The k-nearest neighbors approach to anomaly detection uses the distance to a data point's k-th nearest neighbor (or the average distance to its k nearest neighbors) as an anomaly score. Points that are far from their neighbors are considered anomalous.
This method is simple and intuitive but has O(n^2) time complexity for naive implementations, which limits scalability. Approximate nearest neighbor search algorithms and spatial indexing structures (such as KD-trees and ball trees) can significantly reduce this computational burden. Unlike LOF, k-NN distance does not account for local density variations, making it less effective when clusters have different densities.
DBSCAN (Density-Based Spatial Clustering of Applications with Noise), proposed by Ester, Kriegel, Sander, and Xu in 1996, is a clustering algorithm that naturally identifies outliers as a byproduct of its density-based grouping process. Points that do not belong to any cluster are labeled as noise, and these noise points serve as detected anomalies.
DBSCAN uses two parameters: epsilon (the radius of the neighborhood) and MinPts (the minimum number of points required to form a dense region). Points that have at least MinPts neighbors within epsilon distance are core points. Points within epsilon of a core point but with fewer than MinPts neighbors are border points. All remaining points are noise (anomalies).
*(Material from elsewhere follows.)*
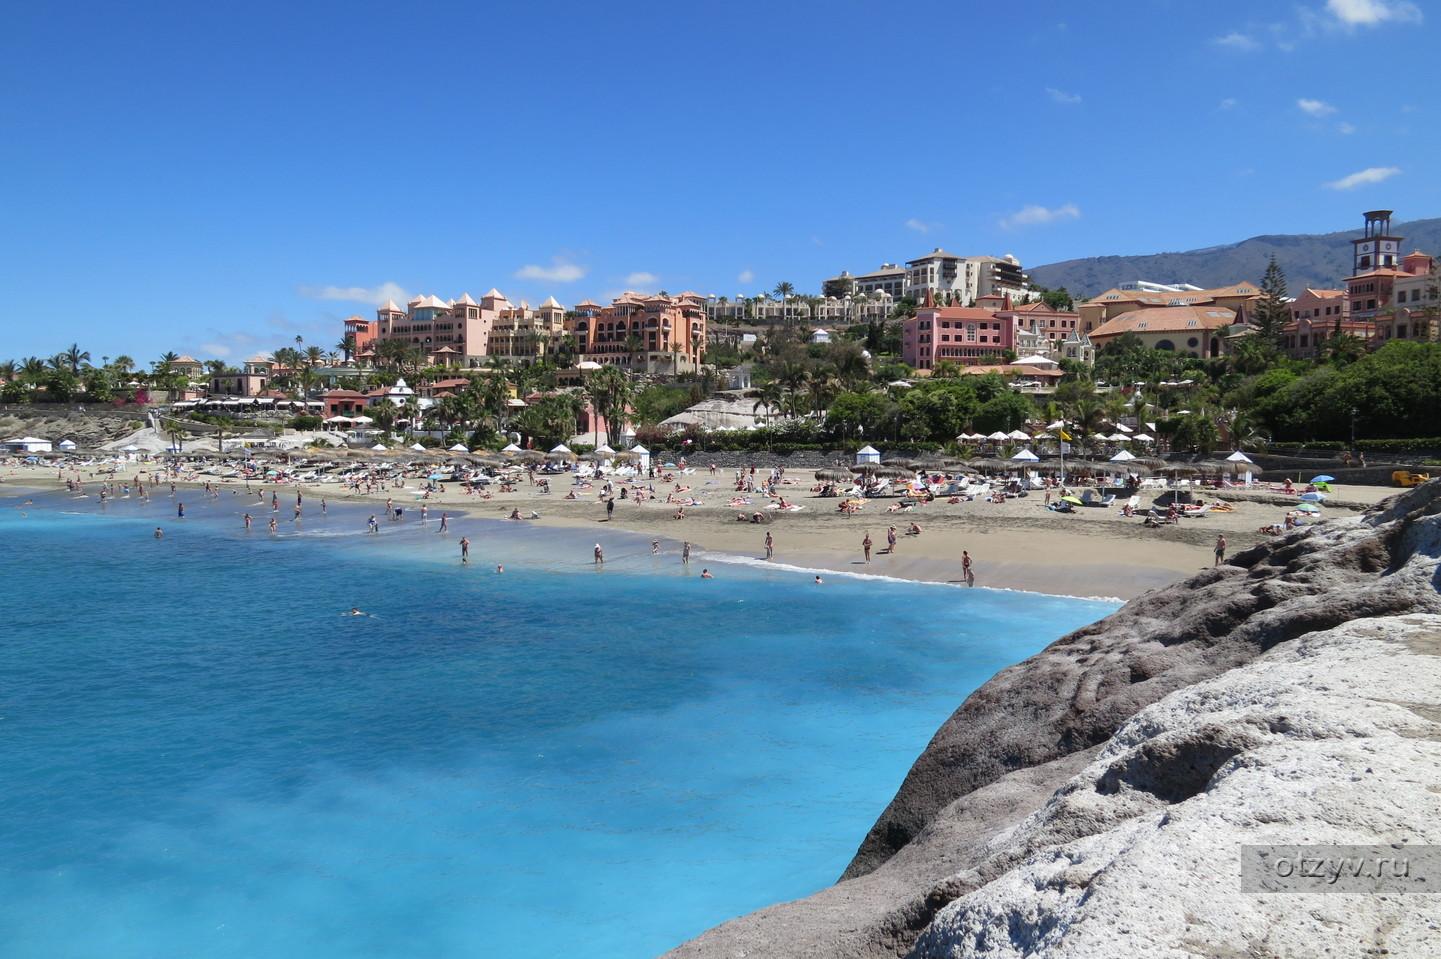 Лас америкас тенерифе фото пляжей

DBSCAN is effective at finding clusters of arbitrary shape and does not require specifying the number of clusters in advance, unlike k-means. However, it can struggle with datasets that have varying densities, since a single epsilon value may not capture all cluster structures. The algorithm received the ACM SIGKDD Test of Time Award in 2014 in recognition of its broad impact on the field.
Histogram-Based Outlier Score (HBOS), introduced by Goldstein and Dengel in 2012, is an unsupervised anomaly detection method that scores data points based on their positions within univariate histograms. For each feature, HBOS constructs a histogram and assigns higher outlier scores to values that fall into bins with low frequency.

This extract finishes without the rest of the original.